O hostel foi bem escolhido. Muito agradável! Posada Atacameña. Altamente recomendado para quem gosta de hostéis e vai passar por San Pedro de Atacama. Uma decoração colorida, inspirada na tradição local, com espaços exteriores agradáveis, incluindo um par de redes e uma torre de observação de onde se vê toda a povoação e as belas montanhas envolventes.

Descansei. Descansei muito e bem. Este era mesmo o local que precisava depois da tour intensa. Fui conhecer a povoação. É uma cidade, ou aldeia, feia e interessante. Uma típica vila de deserto. Hoje em dia, San Pedro de Atacama é turismo e apenas isso. E no momento que escrevo este texto penso nos efeitos devastadores do COVID-19 em locais como este.

Passo na praça central, vejo uma bonita igreja. Há aqui tudo o que se possa precisar. Pequenos supermercados, cafés, restaurantes, câmbios. Uma maravilha. Troco dinheiro com uma bela taxa, vou à farmácia comprar gotas para aliviar a vermelhidão dos olhos e um baton para os lábios gretados do vento e sal a que fui exposto nos dias anteriores. E visito um supermercado onde me delicio a comprar queijo, salame, iogurtes, pão.

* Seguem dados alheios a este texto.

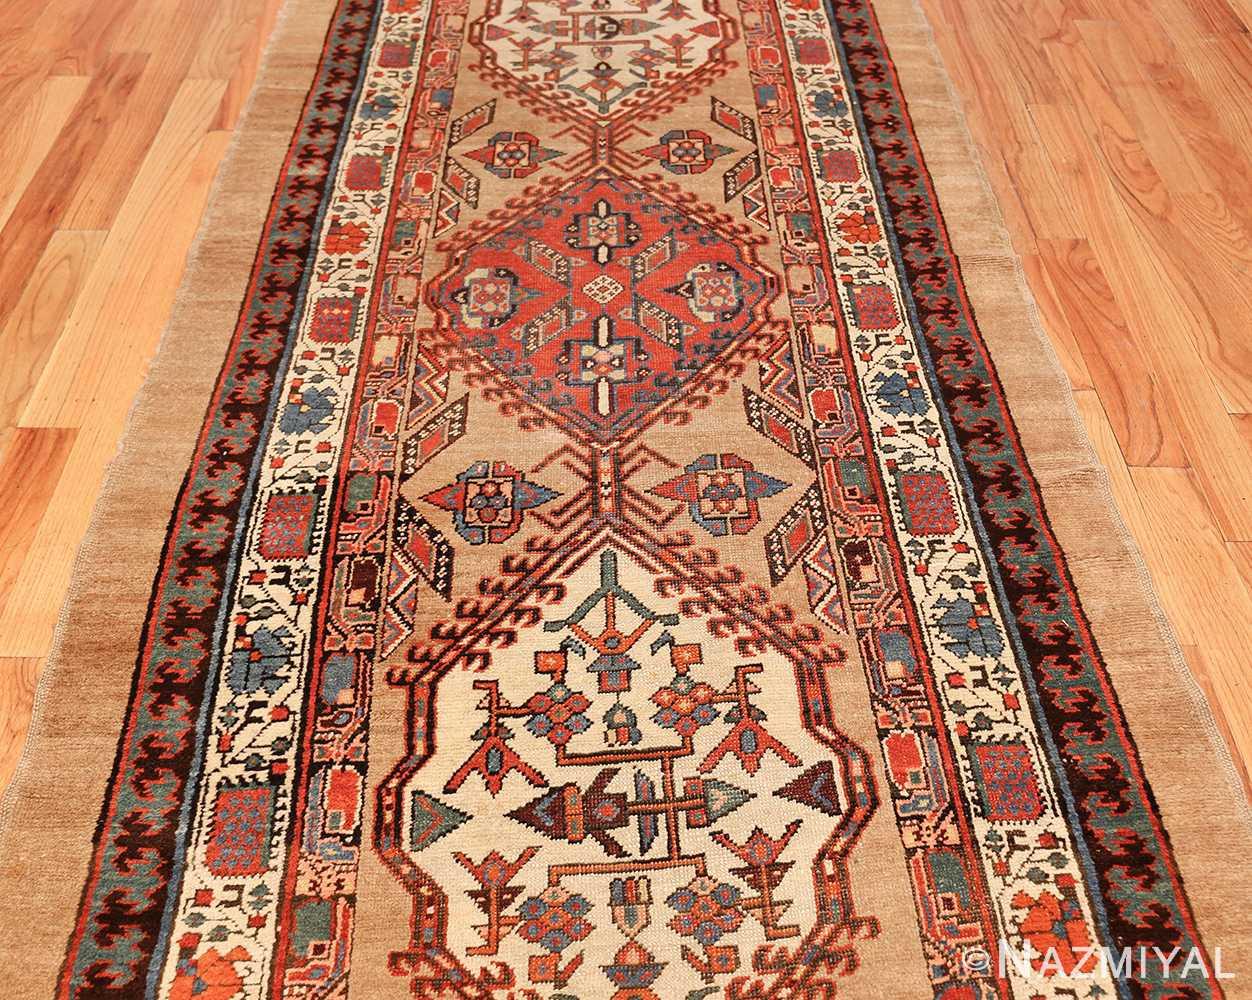 antique persian serab runner rug 48242 field Nazmiyal

Como vou estar apenas um par de dias no Chile tenho que ser comedido na gestão do dinheiro. Especialmente porque tudo é caríssimo. San Pedro de Atacama, tal como Uyuni, no lado boliviano, tem preços verdadeiramente para turistas. E não há como escapar, simplesmente não existem opções. As pessoas locais ganham bem, pagam bem. Ou ganham mal e vivem muito mal.

Visitei o cemitério. Interessante. E vi o quartel de bombeiros, perto do meu hostel, com um bonito mural onde se vê um bombeiro com uma atitude de protecção em relação à comunidade que segue na sua vida quotidiana.

Comprei alguma fruta num mercado ali próximo, com preços mais dentro do normal. Sinto-me muito bem. Acabei de passar por uma das experiência mais marcantes da minha vida de viajante e agora descanso e carrego baterias num local que parece traçado para cumprir exactamente essa função.